La Bataille


A 8 heures du matin, la flotte alliée se retrouve dispersée.
Villeneuve ordonne un demi-tour vers Cadix.
Vaille que vaille, il tente d'organiser la longue ligne de vaisseaux qui s'étire sur l'océan.

A 11 heures, la flotte anglaise suit les plans donnés la veille par Nelson : elle se scinde en deux et attaque perpendiculairement la ligne alliée. Un groupe de quatre vaisseaux alliés tombe en panne au centre du dispositif français. Une brèche est ouverte.

A midi, Collingwood brise la ligne adverse, pour isoler des autres les vaisseaux qui naviguent à l'arrière.

A 12h15, Nelson s'engouffre dans la brèche créée à l'arrière du Bucentaure. Villeneuve ordonne, par pavillon, à tous les vaisseaux sans adversaire d'attaquer immédiatement le navire le plus proche.
En pure perte : dix vaisseaux ne prennent pas part à la bataille qui se déroule derrière eux. Les vaisseaux alliés, surpris par la tactique ennemie manœuvrent mal et se livrent à des combats particuliers. Le centre enfoncé, Villeneuve ordonne à l'avant-garde de faire demi-tour pour participer au combat.
La brise est faible, la manœuvre est lente et sans ensemble. Les vaisseaux qui ont laissé se former la brèche interprètent mal les ordres de Villeneuve et font eux aussi demi-tour.

Vers les 5 et 6 heures du soir, c'est la débandade parmi les alliés. Le Bucentaure perd tous ses mâts. Villeneuve, à présent maître d'une coque ingouvernable, donne l'ordre d'être transféré sur un autre vaisseau ; il n'y a plus de chaloupes. Le Bucentaure amène son pavillon. Villeneuve est recueilli à bord du vaisseau anglais Mars et fait prisonnier.
Après le dernier combat du cap Ortegal, la marine française a perdu treize vaisseaux sur dix-huit, la marine espagnole neuf sur quinze. Les Anglais conservent tous les vaisseaux engagés.

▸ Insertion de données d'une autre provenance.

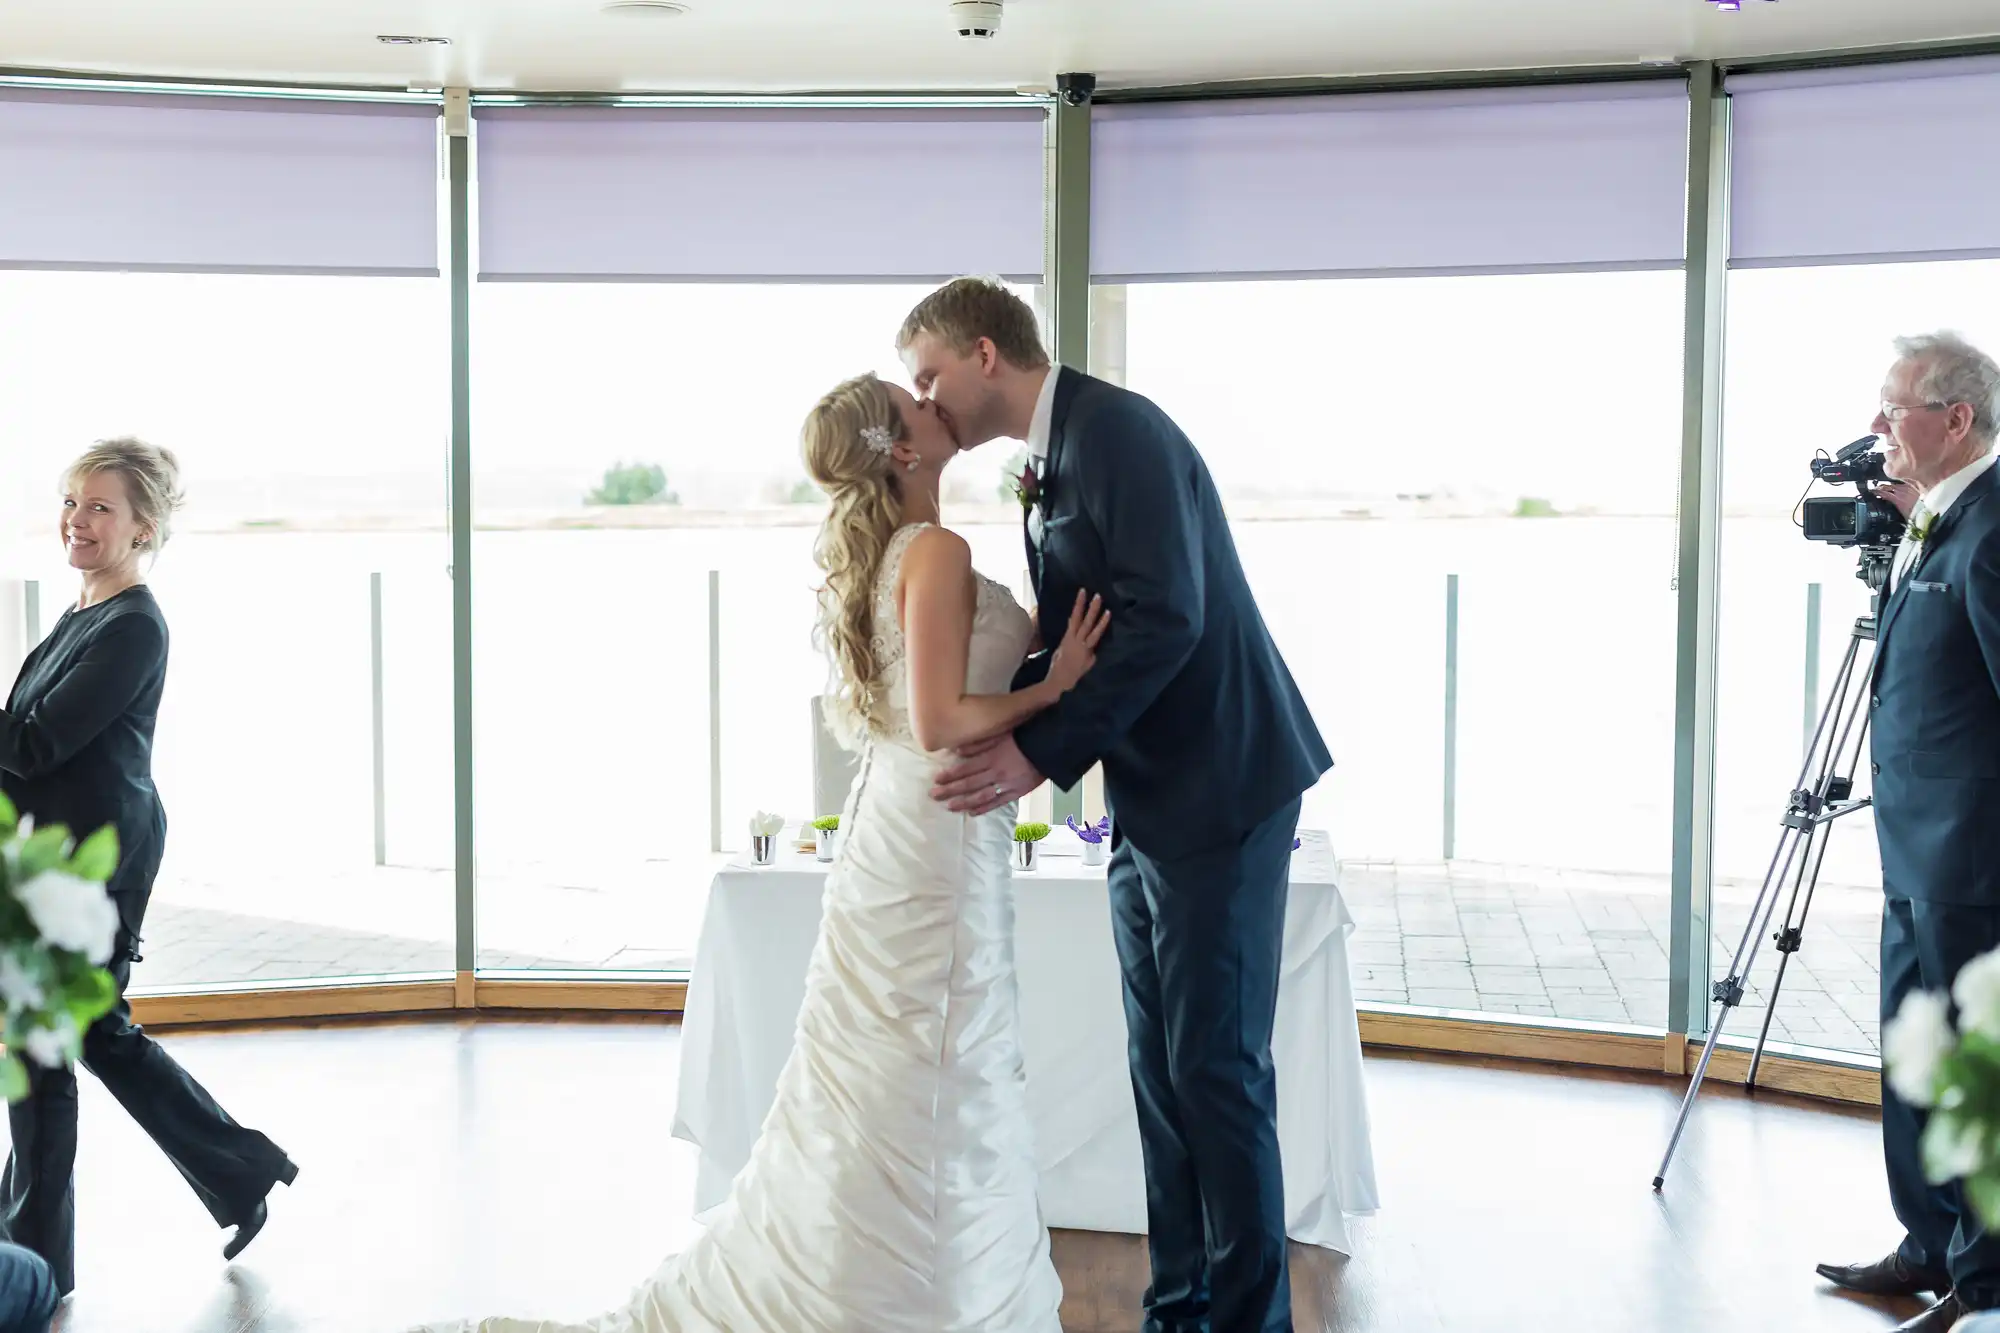 A bride and groom kissing in a room with large windows, while a photographer captures the moment and a woman watches smiling.

Leurs pertes sont de 400 morts - dont Nelson - et de 1200 blessés.
3400 Français sont tués, 1200 blessés ; les Espagnols ont 1000 tués, 2500 blessés.

Les Conséquences

La flotte française ne se relèvera pas de cette défaite qui donne la maîtrise des mers à l'Angleterre et consacre un tournant dans le combat entre Napoléon et l'Europe.

Trafalgar enferme Napoléon sur le continent et le contraint à une vaine conquête de l'Europe. Vaine car, en définitive, c'est toujours la nation qui possède la domination des mers qui l'emporte.

Mais fin octobre 1805, qui peut y songer ? La victoire anglaise passe presque inaperçue, éclipsée en partie par la reddition des 27.000 Autrichiens de Mack à Ulm, le 19 octobre.
Napoléon espère que "le bruit retentissant de ses pas sur le continent empêchera d'entendre les échos du canon de Trafalgar". Ce qui est certain, l'Empereur n'abandonnera pas son plan : créer un front maritime et colonial, s'ériger en défenseur de la liberté des mers face à la "Perfide Albion".
Jusqu'en 1811, il songera au moins à reconstituer la Marine. Du côté anglais, malgré la mort de Nelson qui devient de fait un héros, c'est le soulagement. Provisoire. Désormais, tout se passe sur le continent.